Dad froze and dropped his fork to his plate. “This is what I’m talking about. You’re gambling with y
our life, and for people who would kill you in cold blood, mimmo.”
I shrugged and speared a shrimp in my pasta. “I’m not doing it for them. I’m doing it because if I don’t, it all goes to shit. It’s about everyone that would get fucked over and hurt, and you know it.”
Dad sighed. “You need to leave.”
I turned toward him. “Besides the fact that I can’t stomach the moral implications of my leaving, what the hell would happen to you two? Tweedle Dee and Tweedle Dum, big fat sitting ducks. You’re telling me they don’t pull Teo into it, exactly where I was?”
Dad threw up his hands. “We’ll all leave.”
“Oh, okay. Real easy,” I snapped. “Sell the house, move our entire life to another country, secure visas, ’cause we Americans are real popular in Europe these days. Get new jobs. And still, you think that shit wouldn’t follow us?”

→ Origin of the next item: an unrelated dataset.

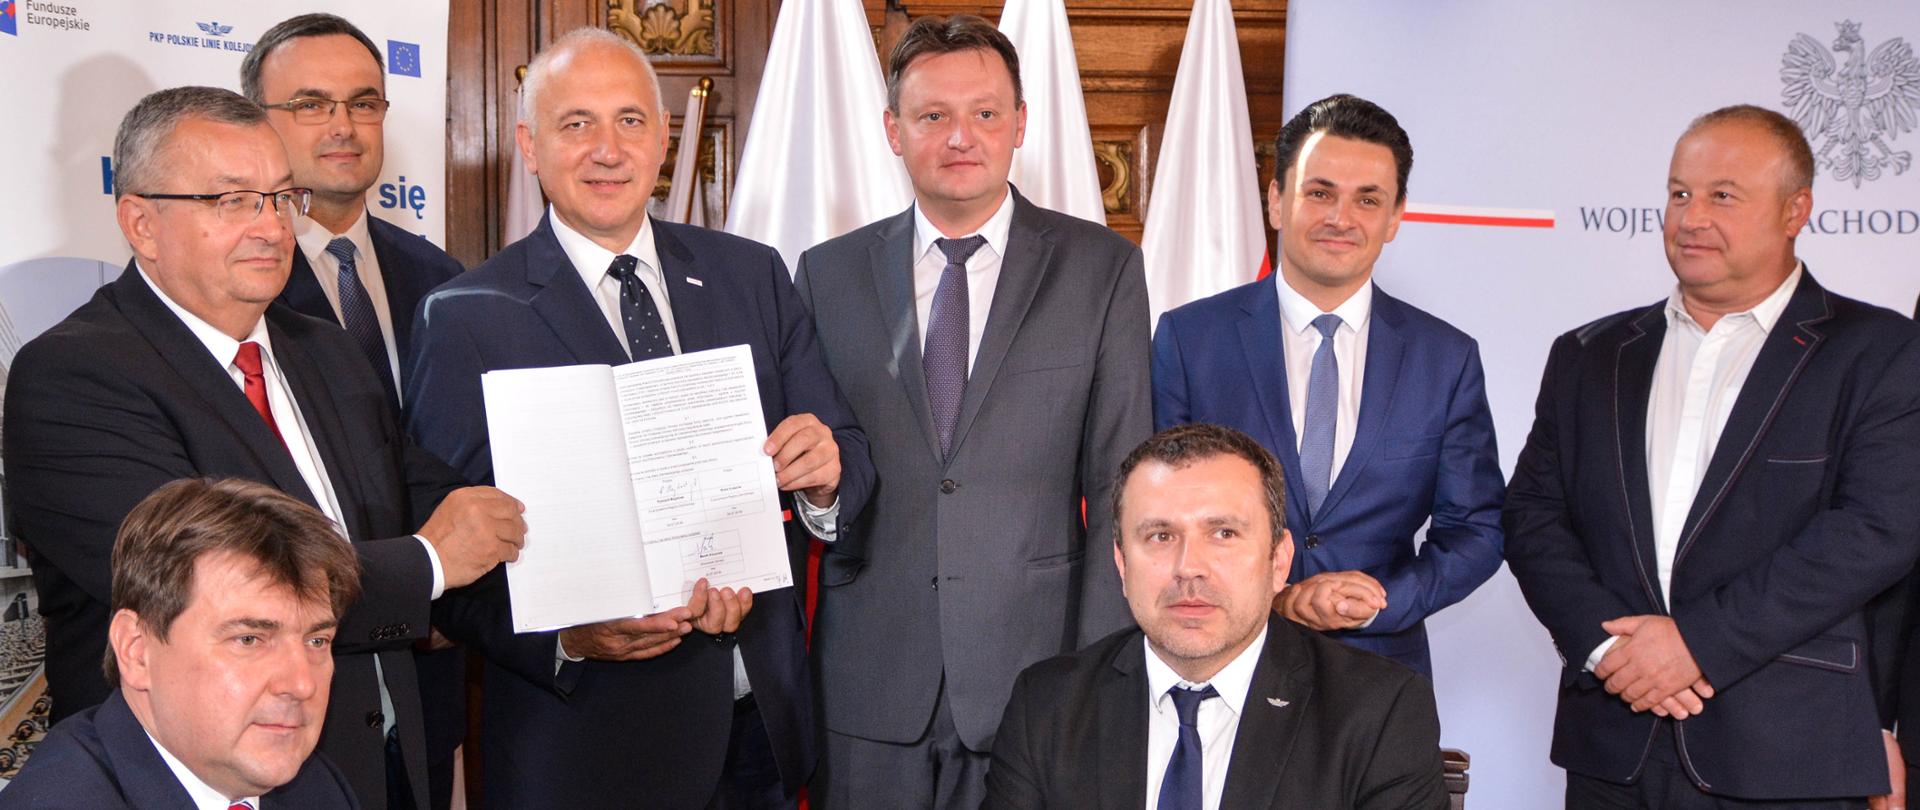 Podpisanie umowy na budowę Szczecińskiej Kolei Metropolitalnej
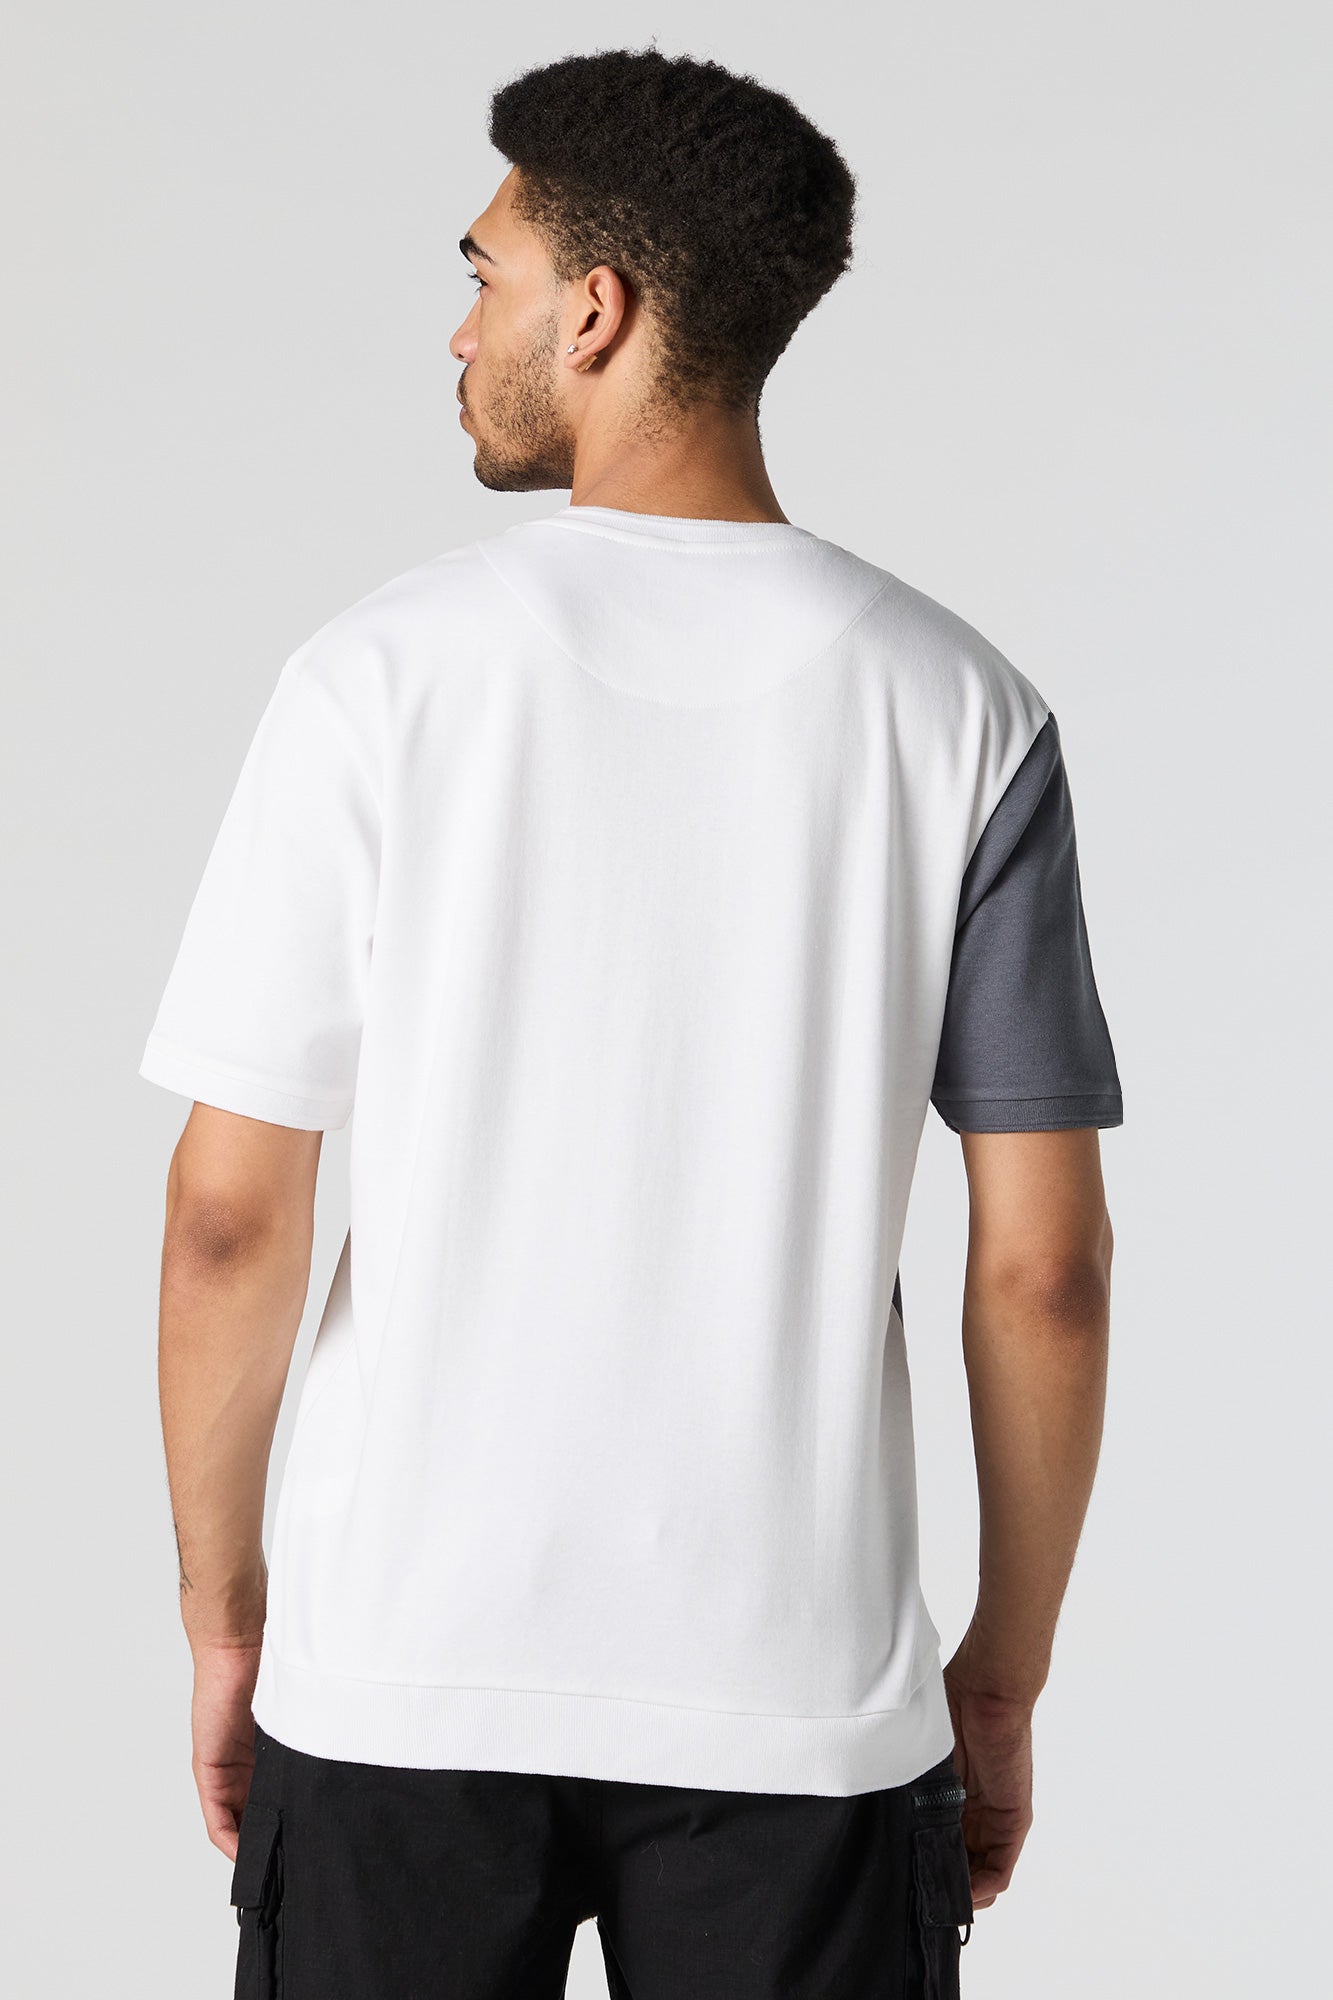 Vertical Striped Colourblock T-Shirt

“We wouldn’t go to Italy,” Dad countered. “Somewhere new. A fresh start, where you don’t waste your life, and I don’t wake up to every on-call page worrying if it’s to hear you died—”
“Stop,” Teo barked. “Zed’s not dying. He’s careful, Papa. He knows how to handle himself. Zed, to Papa’s point, you need a plan, an exit strategy.”
I sighed. “If I could see a way out that wouldn’t ruin everything I’ve worked for, that wouldn’t destabilize our world, and wouldn’t leave it poised for an explosive criminal regression, I would.”
It was Dad’s turn to sigh. “I regret it, every day, that I didn’t just take us away when you were born. If I’d known you’d step in place of me—”
“Dad.” I glared at him. “It’s not your fault. Let’s move on for now.” Teo opened his mouth to argue but I pushed past him “We’ll talk about it again another time. Anyway, I had this place swept yesterday, too. You’re clean.”
“Jesus.” Teo groaned. “When did this all become a mess?”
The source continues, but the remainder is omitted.